New York Yarns. Nashua Handknits. Louisa Harding. Handmaiden. Kollage Yarns. Nestucca Bay. Color Me. The Alpaca Yarn Company. American Buffalo Products. Prairie Fibers.
What do all these companies have in common? They’re yarn companies that are advertising in the new Fall issue of Interweave Knits—who weren’t there a year ago.
If you’ve noticed that there’s a new yarn shop on every corner lately, you may not have noticed that there seems to be a new yarn company every week. With occasional exceptions, the products they offer are not much different from the products the existing yarn companies offer. (Sometimes, they’re identical: plenty of mills out there will sell the same yarn—in the same colors—to two or more distributors.)
It’s a tough business if you’re a new company trying to break into the market—you’ve got to invest a lot of time and a lot of money to get started, and who knows whether you’ll make it, or where you’ll be in a few years if the knitting boom takes a downturn. (We all know that’s not going to happen, right? Right.)
I do see one undeniable advantage to the influx, though: the magazines get fatter and glossier on all that ad revenue, and that in turn makes room for more content. Which translates, in this case, to more designs per issue. Now there’s something we can all applaud. I think I might even learn to like the new hybrid “advertorials” that have been appearing in Vogue Knitting for a couple years and have just started in Knits. (For examples, see pp. 12-13, 26-27, 32-33, or 38-39, all of which are two-page spreads advertising specific yarn companies and directing the reader to a page of Interweave’s website where project instructions can be found.)
And of course, someone has to design all these extra patterns, just like someone has to provide pattern support for the new yarn companies. (Even in the case of designer-driven yarn lines—Louisa Harding, Kim Hargreaves—the designer’s departure from her previous position creates opportunities for other designers there.

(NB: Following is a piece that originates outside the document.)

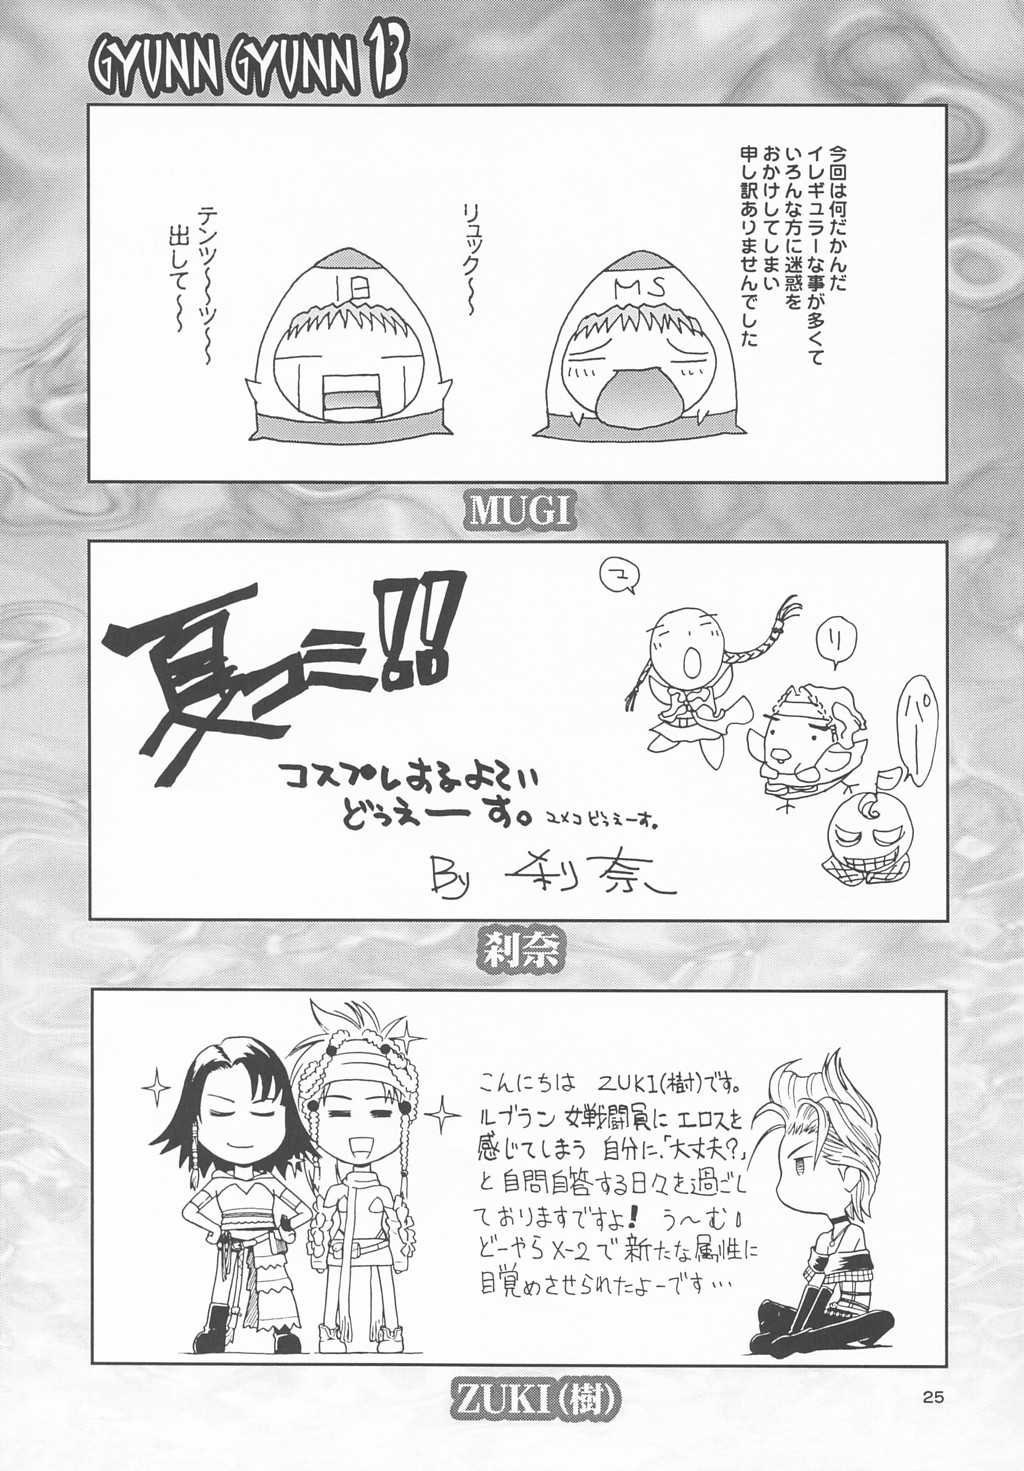 (CR33) [Shiitake (Mugi)] GYUNN GYUNN 13 (Final Fantasy X-2) [椎茸 (Mugi)] GYUNN GYUNN 13 (ファイナルファンタジー X-2)
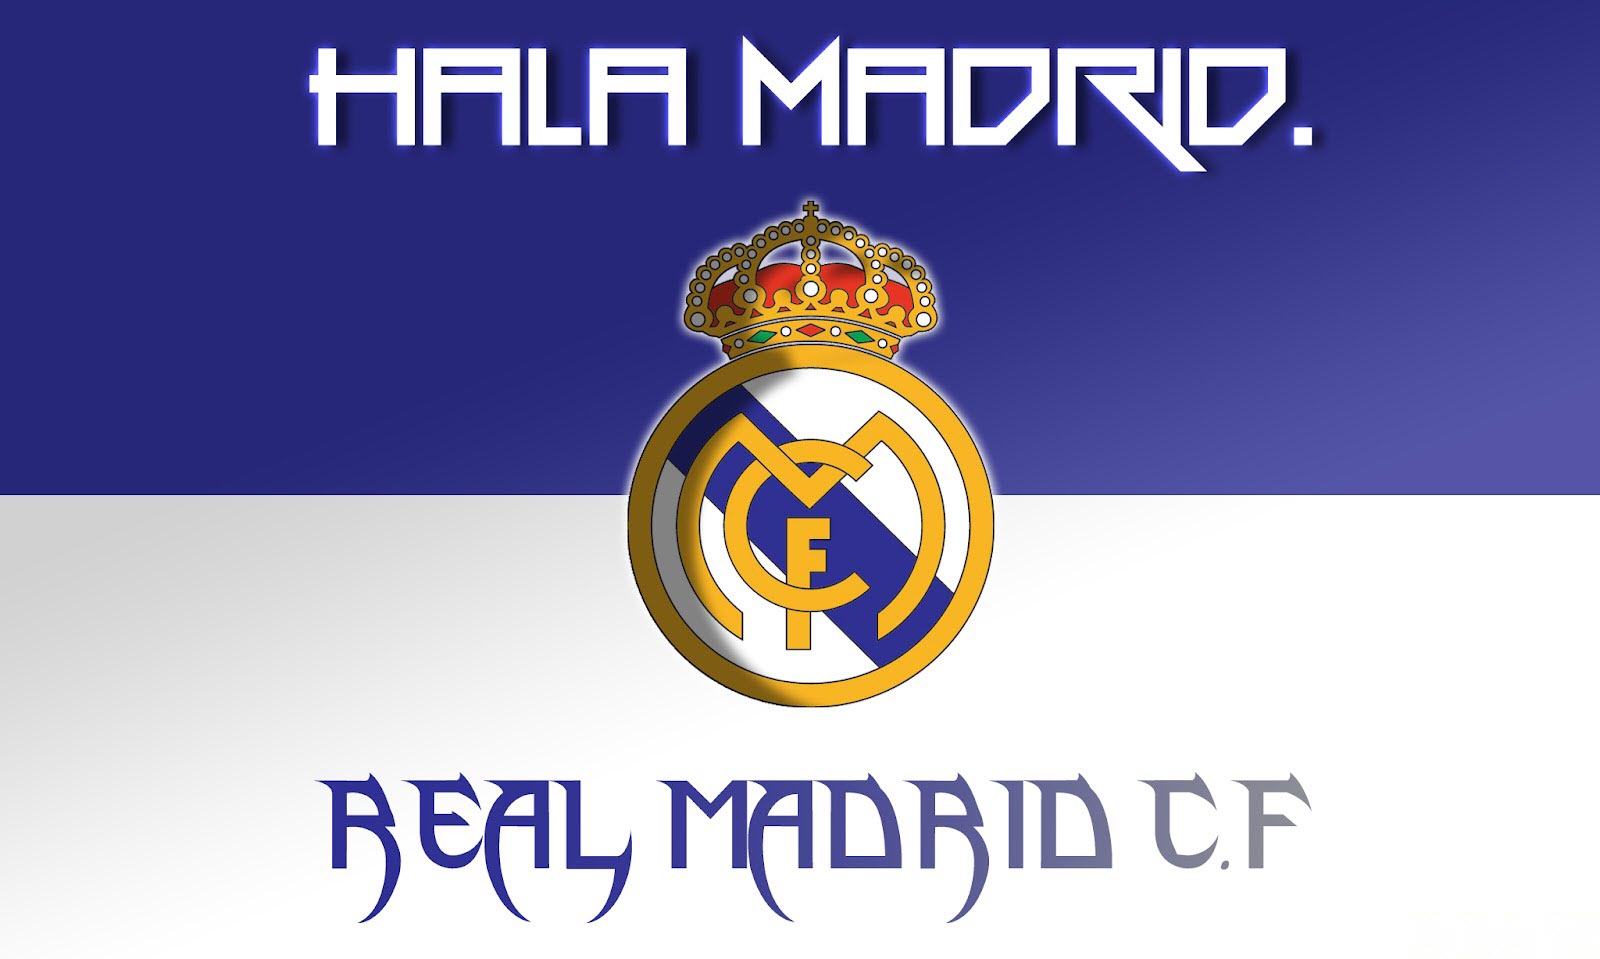 Gambar Wallpaper Real Madrid Bergerak Gudang Wallpaper

Look how many different names are credited in the latest Rowan magazines since those two left!)
More content, more designers. Those are good enough reasons to put up with the annoyance of more ads and trying to keep up with the flood of new names. (Oh, and yeah, some of the newbies have pretty great yarn. Keep your eyes open for Nashua Handknit’s Creative Focus Worsted, possibly the new yarn I’m most excited about for Fall.)